Recently I've came up with a few design ideas that would look great with some embroidery, but I'm not sure if placing embroidery over screen print is a good idea. Does anyone know if the embroidery or print would be damaged in this case?


----------



## OnTheSand (Nov 25, 2008)

i works fine i've had screen print/transfer/as well as embossed garmerts accented with embrodery as well as rhinestones or even hand painted embellishment it all layers well on each other 

don't forget screen printed designs are just ink placed on top of fabric which is a flexible substrate you can stich thru it with ut and problems 
puff inks may be a little problem but i can can worked around at a slower speed.


----------



## John Wayne (Apr 13, 2010)

Thanks for the quick response.

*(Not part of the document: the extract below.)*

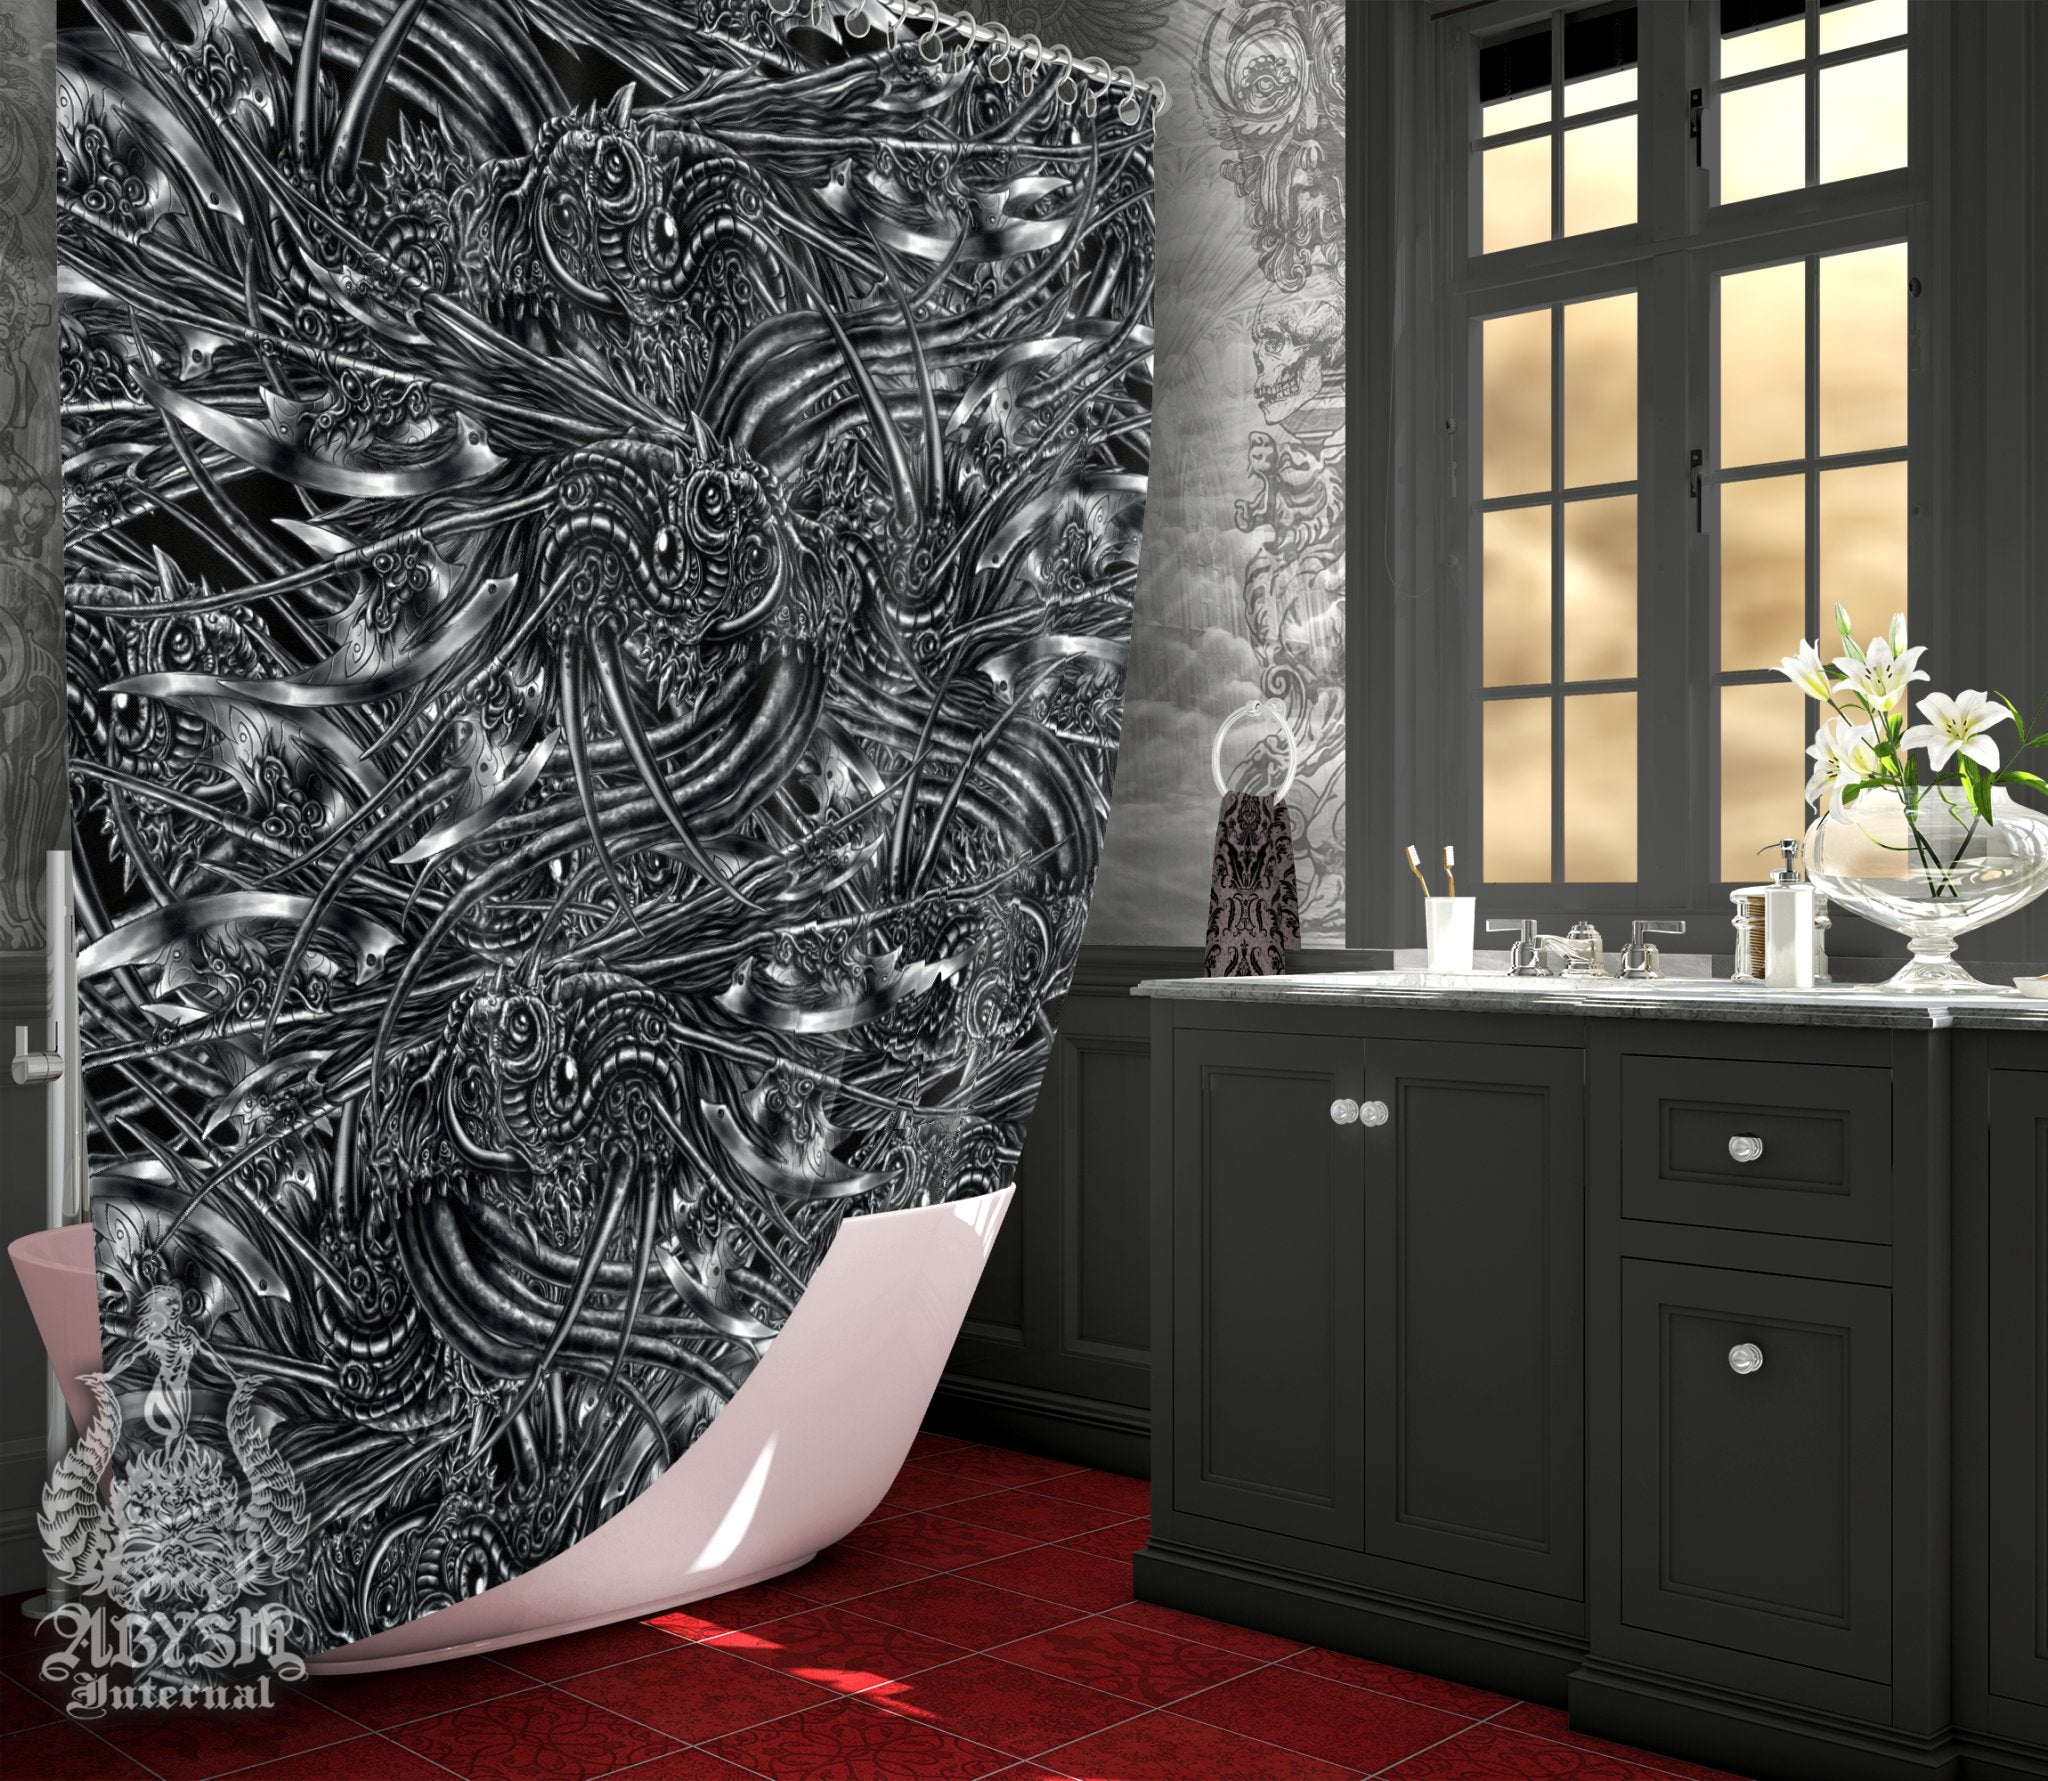 Goth Alien Shower Curtain, 71x74 inches, Dark Abstract Fantasy Art, Gothic Bathroom Decor - Abysm Internal

I feel much better knowing that I don't have to scrap my designs.


----------



## Smalzstein (Jul 22, 2008)

I think it would only work with waterbased screen printing...


----------



## red514 (Jul 21, 2009)

works fine. I've done many prints in the past with embroidery running over a plastisol print. The only issue i ran into was when embroidering over a thick white print on a black shirt, every where the needle pierced the print you had minor cracking and marks from the... err needle eye loop thing.. the foot? i forget what it's called, been several years since i touched embroidery 
the trick with embroidering over a print is to minimize the ink deposit. water base works great but plastisol works just as well as long as you don't need a thick print. most people want soft hand now so it shouldn't be an issue.


----------



## SunEmbroidery (Oct 18, 2007)

I would just be careful not to stretch the fabric when hooping to avoid cracking.


----------



## allstar28 (Feb 28, 2019)

How about screening over embroidering, I have a customer that wants me to put a digital media print over embroidered names on scrubs. The garment are dry cleaned nightly. I do not know what substrate to use for the print job. any info would help.


----------



## Twisted Grafix (Oct 5, 2016)

You may want to double check, but I don't think you can dry clean a digital transfer and it last. I know you can't dry clean plastisol for sure.


----------



## allstar28 (Feb 28, 2019)

she showed me one, I still don't know what was used.


----------